Global demand for natural gas is set to rebound strongly in 2021 and will continue on such trajectory, International Energy Agency (IEA) warns.
Stressing on the urgency of this condition, the new report indicates that this will likely be the case if governments do not implement strong policies to move the world onto a path towards net-zero emissions by mid-century.
The report notes that global gas demand will rise by 3.6 per cent before easing to an average growth rate of 1.7 per cent over the next three years, reaching 7 per cent by 2024 above 2019 pre-Covid levels.
The growth in demand of natural gas in 2021 reflects sustained economic recovery from the COVID-19 crisis. That said, in the next couple of years, it’s likely to be driven in equal proportions by economic activity and the replacement of gas with more polluting fuels such as coal and oil. These other fuels will be dominant in sectors such as electricity generation, industry and transport.
Based on the report, the industrial sector plays a pivotal role in medium-term gas demand growth, accounting for about 40 per cent of the total increase between 2020 and 2024.
Moreover, the region forecast to have the highest of gas demand between 2020 and 2024 is the Asia Pacific region driven by China and India as well as emerging markets in South and South-East Asia.
Getting on track of zero-emissions
Therefore the report recommends the need for new measures to accelerate further the need for fuel substitution and efficiency gains. By this, the world can get on track for net-zero emissions by 2050, the report highlights. According to the report, this is especially the case in more mature markets, where much of the potential for choosing coal or oil above gas has already been realized.
“The rebound in gas demand shows that the global economy is recovering from the shock of the pandemic and that gas is continuing to replace more emissions-intensive fuels,” said Keisuke Sadamori, the IEA’s Director of Energy Markets and Security.
“But stronger policies need to be implemented to put global gas demand on a path in line with reaching net-zero emissions by 2050 while still fostering economic prosperity. These include measures to ensure gas is used more efficiently. At the same time, the gas industry needs to significantly step up efforts to shift to cleaner and low-carbon gases– and to act quickly and effectively to address needless methane emissions.”

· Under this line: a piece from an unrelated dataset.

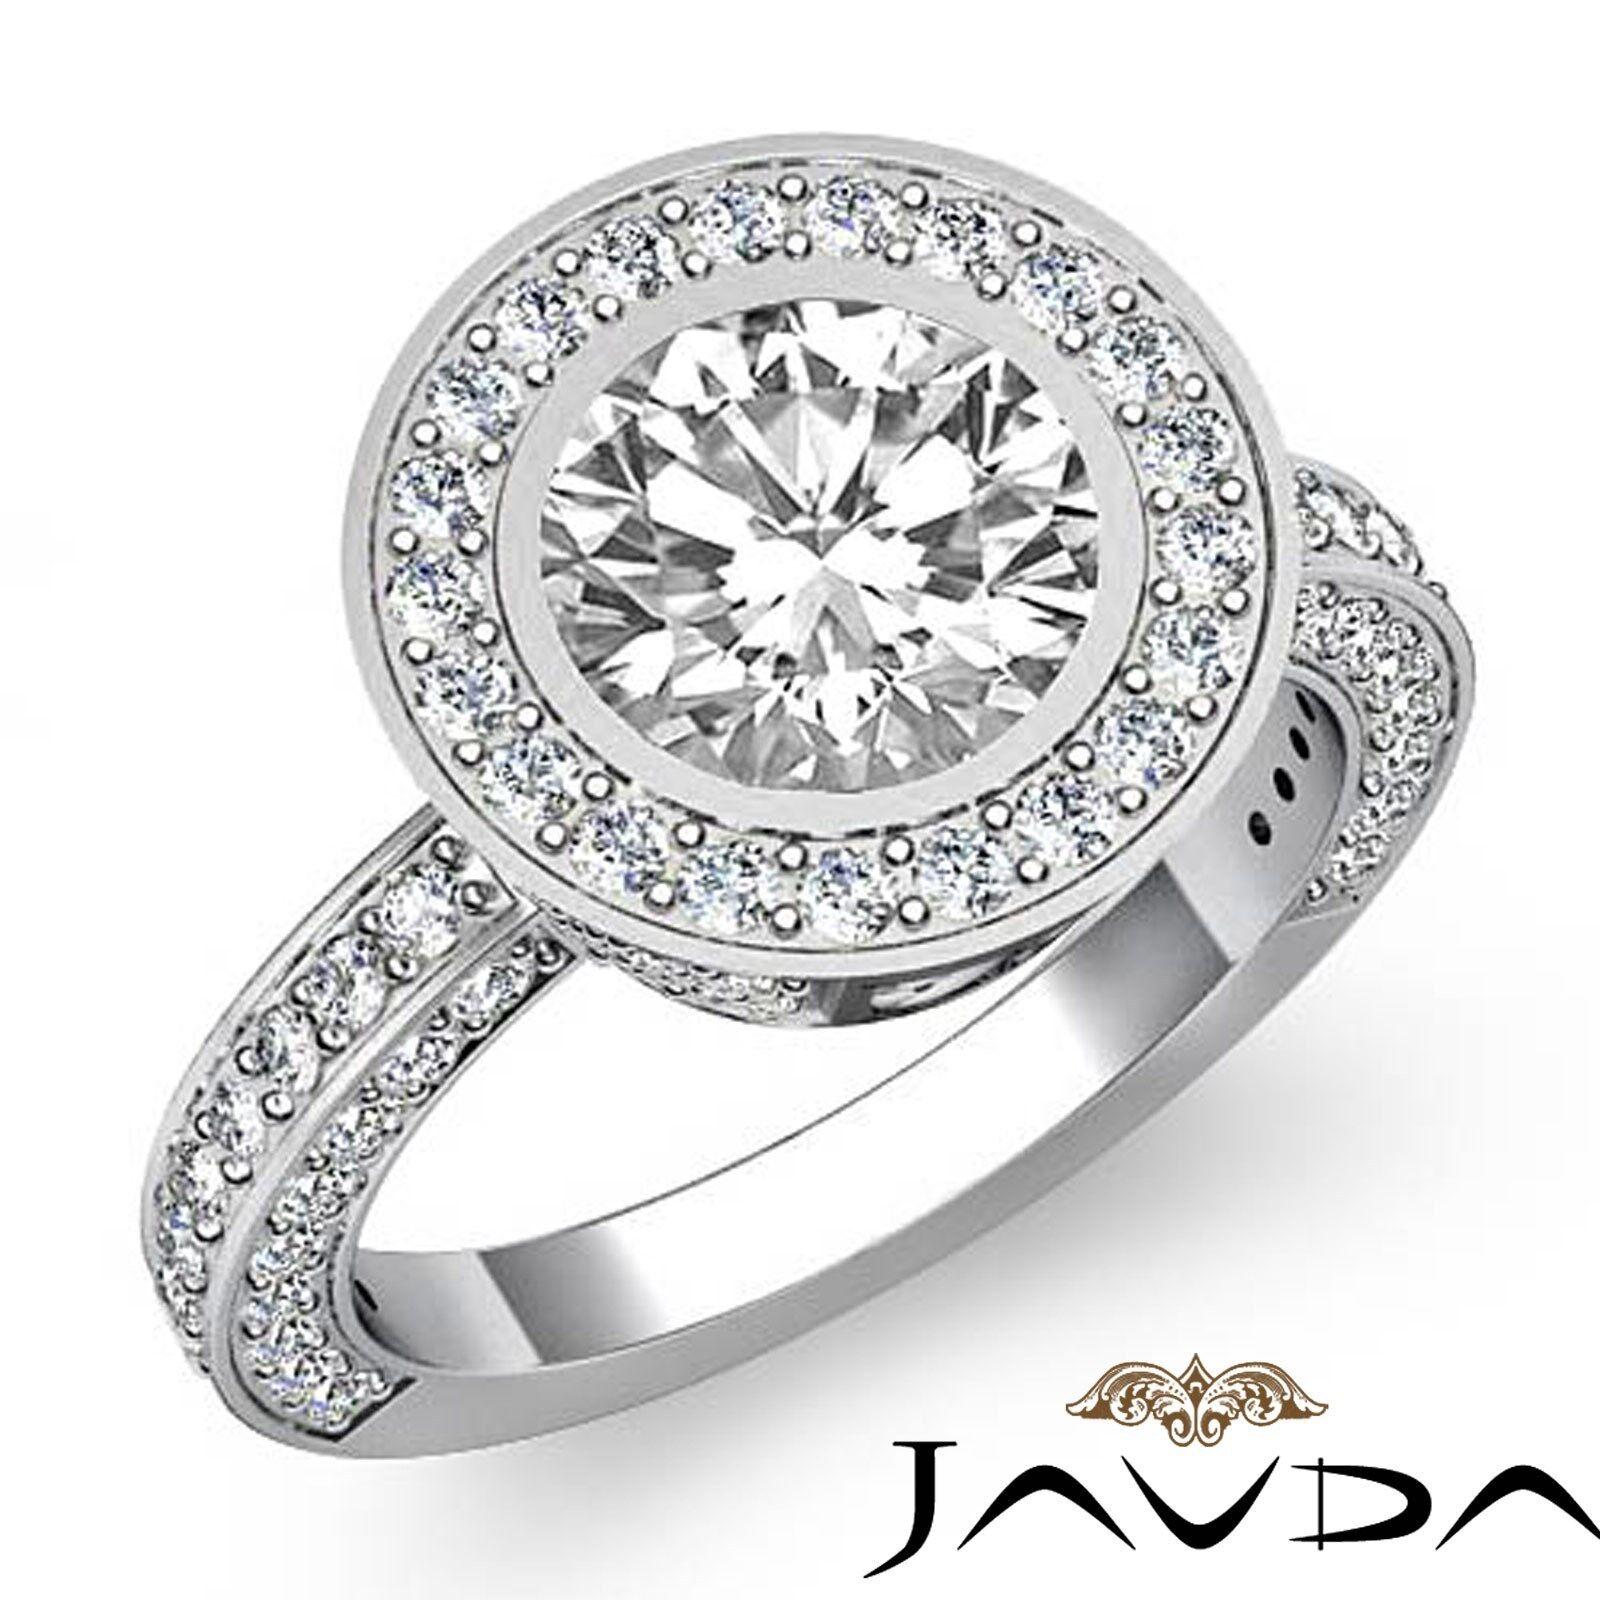 Bezel Halo Pave Setting Round Diamond Engagement White Gold Ring GIA F VS2 3 Ct

Keisuke Sadamori, the IEA’s Director of Energy Markets and Security.
Accordingly, the report examines how the gas industry can reduce its quantum of emissions and align with net-zero emissions objectives.

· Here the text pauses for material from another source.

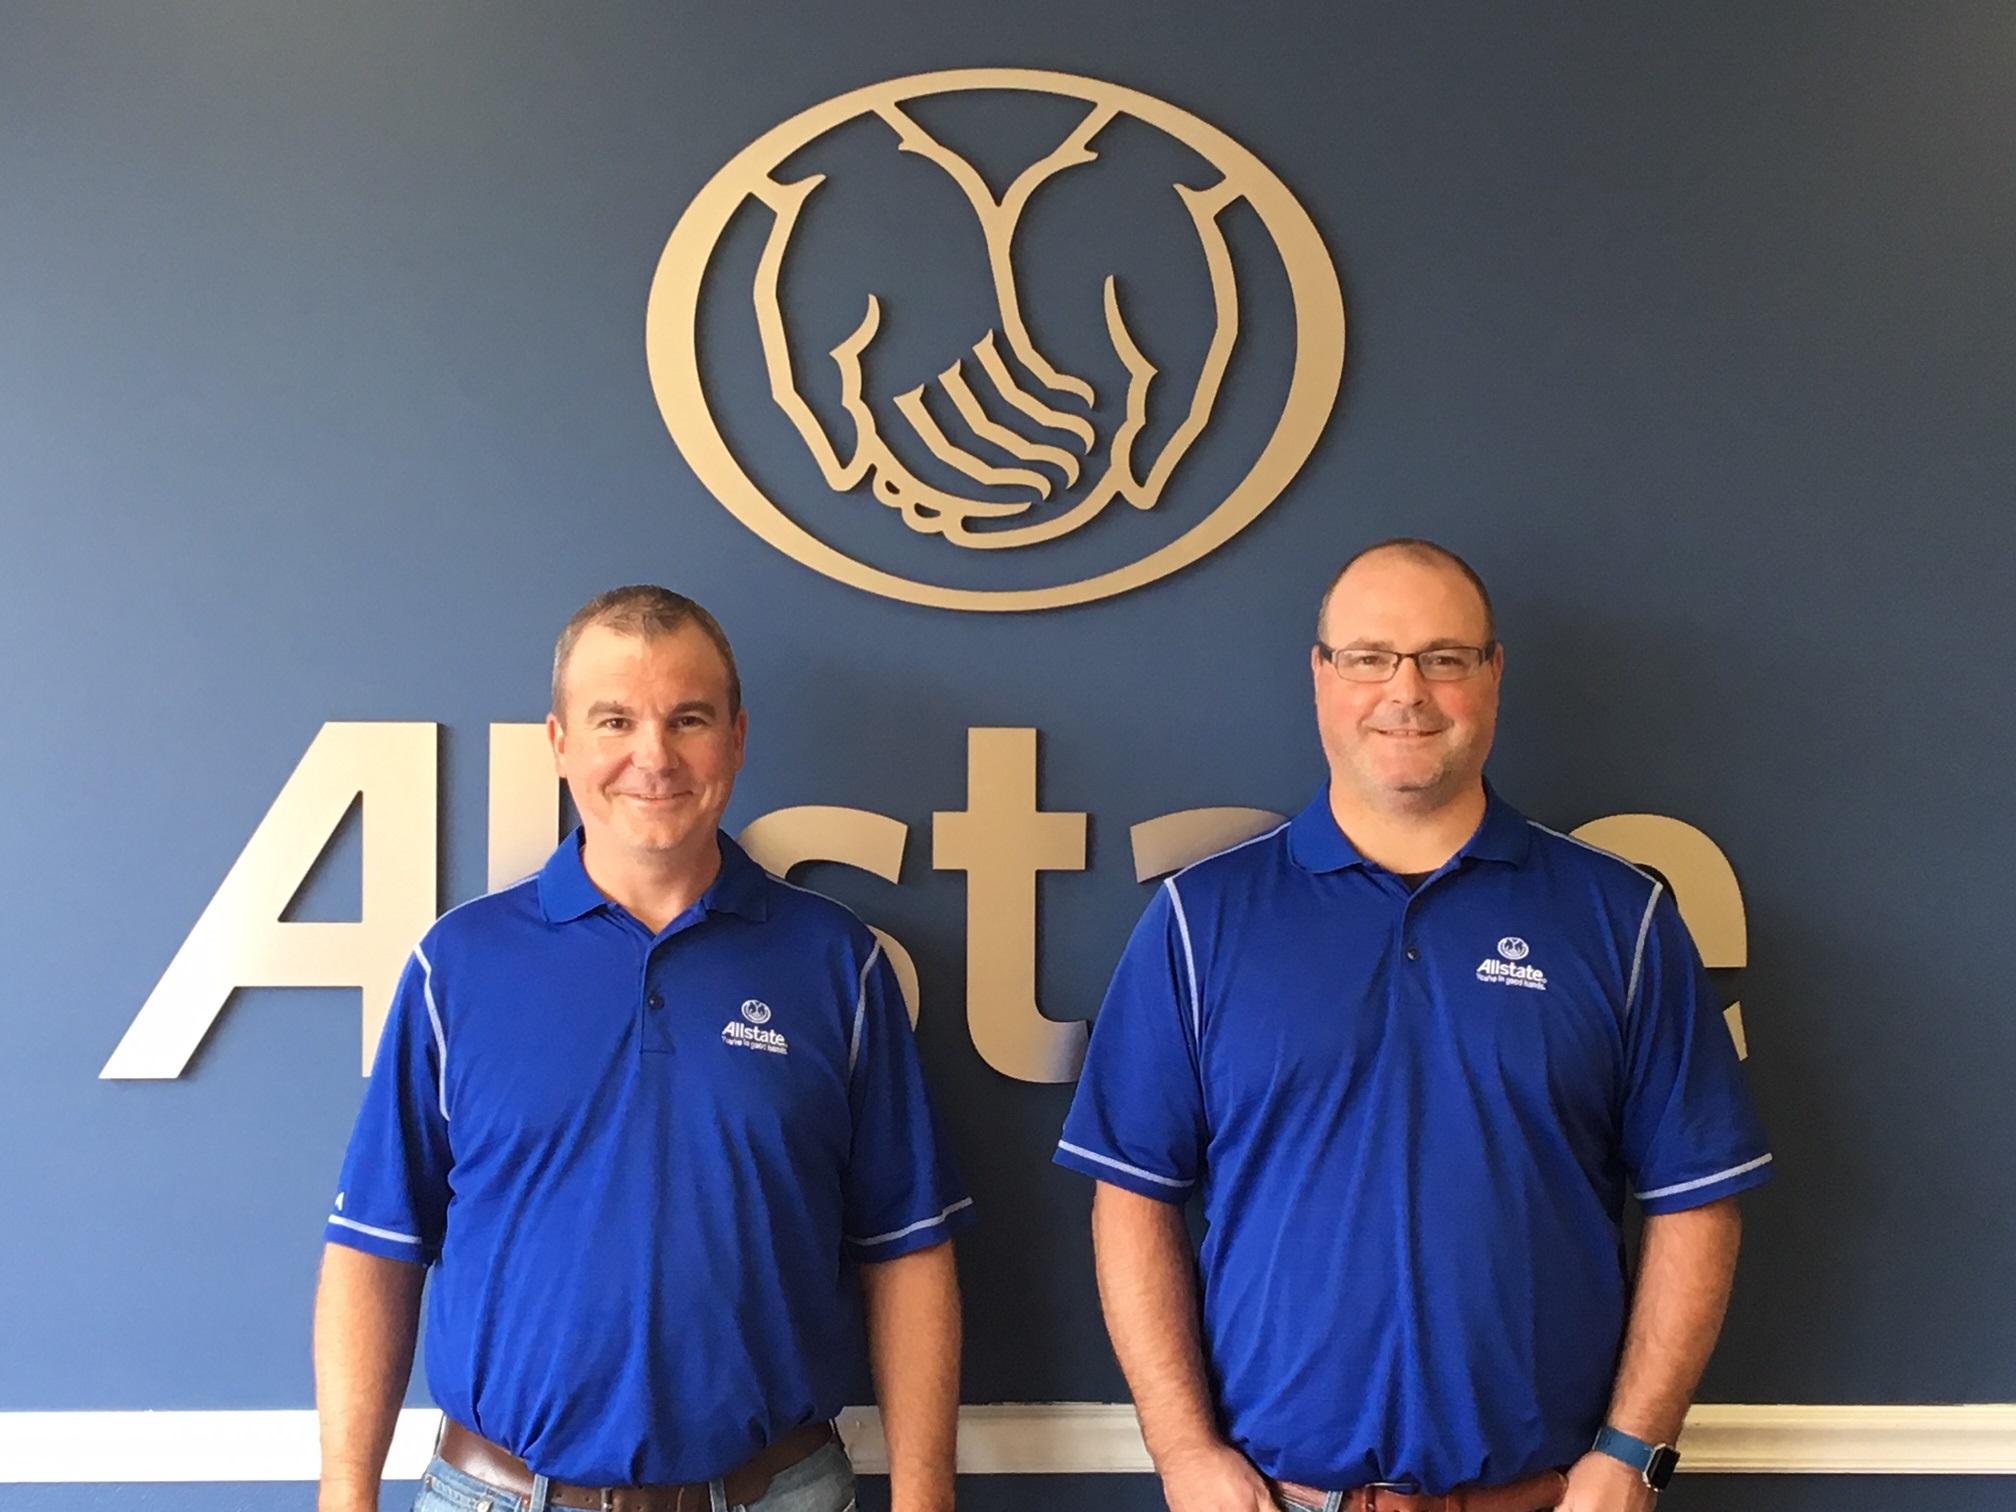 Daniel Broderick: Allstate Insurance

Key areas for action include continuing to reduce the intensity of the industry’s greenhouse gas emissions all along the value chain, supporting the development of low-carbon gases, and developing carbon management solutions to minimize emissions from combustion.
Particularly, reducing methane emissions is an efficient way in terms of both time and cost of narrowing the industry’s emission capacities. Based on IEA’s Methane Tracker shows, there is as much as 40 per cent of current methane emissions that could be avoided at no net cost.